- TASK GOAL -
Reproduce the entire listing exactly. Leave the pictures out.

- RECORDS FOR THE EXERCISE -
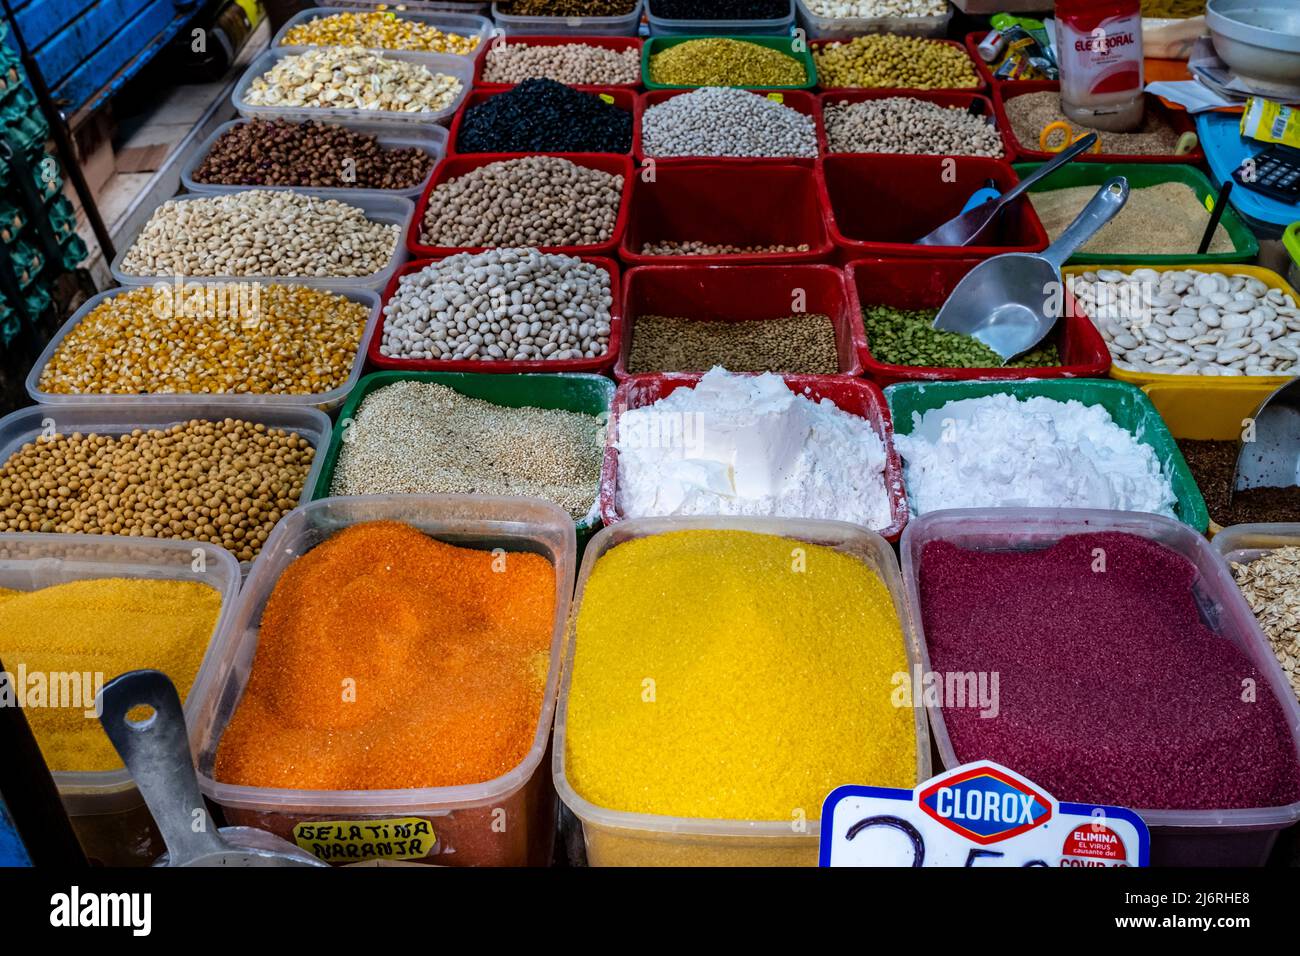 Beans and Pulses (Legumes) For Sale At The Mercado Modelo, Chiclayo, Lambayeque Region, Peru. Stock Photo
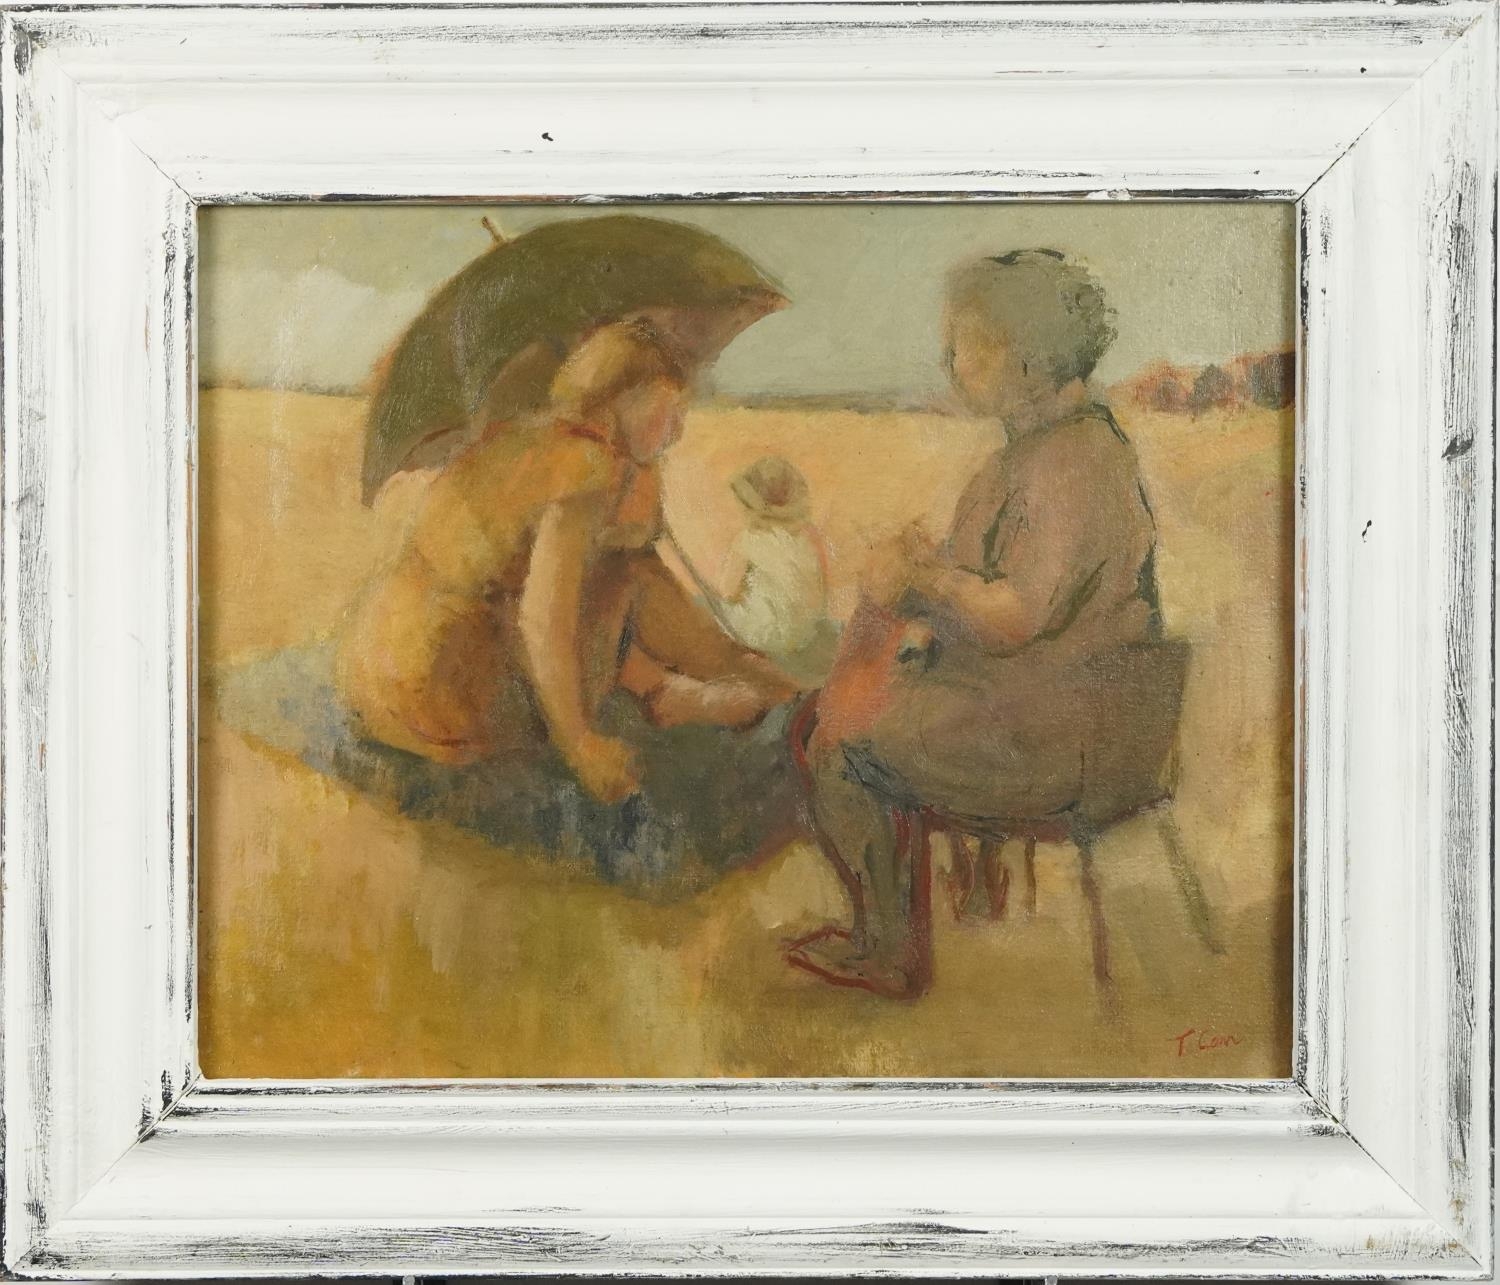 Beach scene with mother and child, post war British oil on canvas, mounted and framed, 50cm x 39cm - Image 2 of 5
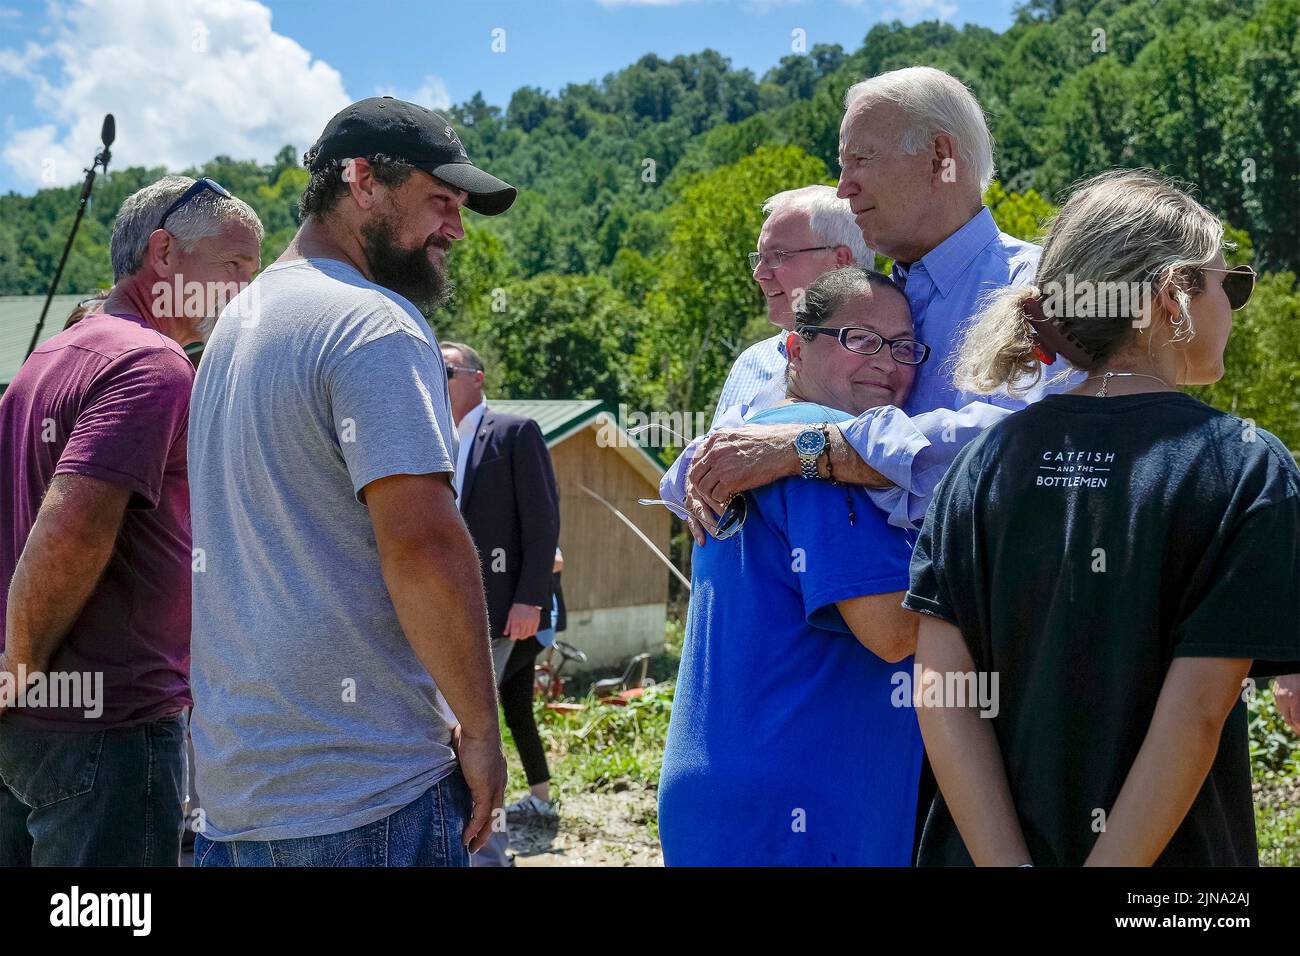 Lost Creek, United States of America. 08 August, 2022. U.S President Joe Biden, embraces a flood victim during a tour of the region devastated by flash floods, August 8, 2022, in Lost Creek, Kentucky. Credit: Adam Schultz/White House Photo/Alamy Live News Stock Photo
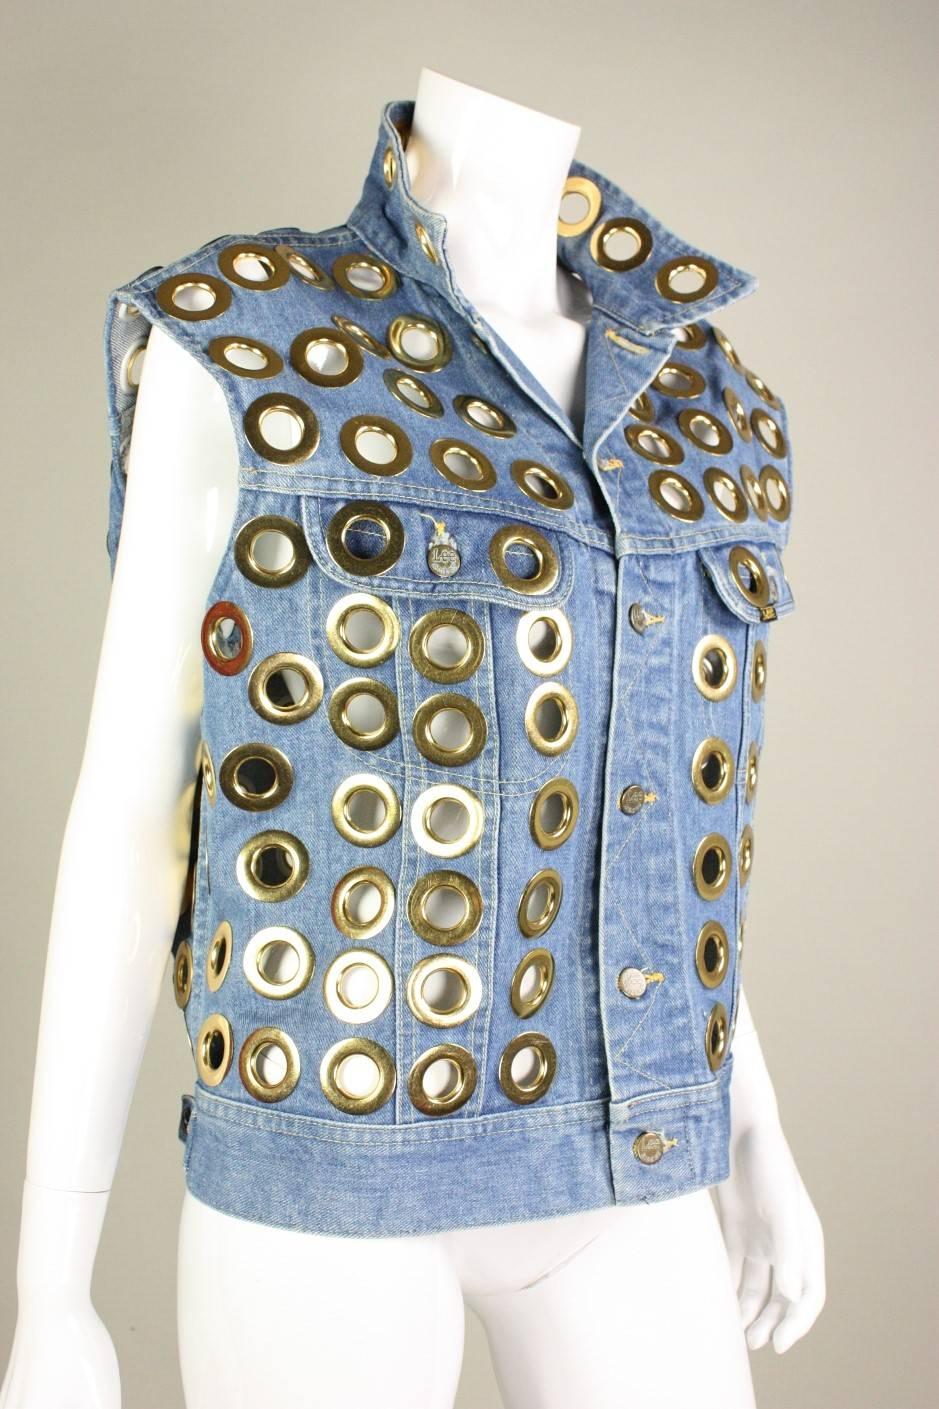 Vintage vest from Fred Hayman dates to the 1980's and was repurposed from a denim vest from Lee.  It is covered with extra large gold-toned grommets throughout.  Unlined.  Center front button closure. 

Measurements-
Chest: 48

- PROBLEM SOLUTION -
 Beans and Pulses (Legumes) For Sale At The Mercado Modelo, Chiclayo, Lambayeque Region, Peru. Stock Photo
 Beach scene with mother and child, post war British oil on canvas, mounted and framed, 50cm x 39cm - Image 2 of 5
 Lost Creek, United States of America. 08 August, 2022. U.S President Joe Biden, embraces a flood victim during a tour of the region devastated by flash floods, August 8, 2022, in Lost Creek, Kentucky. Credit: Adam Schultz/White House Photo/Alamy Live News Stock Photo
 Vintage vest from Fred Hayman dates to the 1980's and was repurposed from a denim vest from Lee.  It is covered with extra large gold-toned grommets throughout.  Unlined.  Center front button closure. 

Measurements-
Chest: 48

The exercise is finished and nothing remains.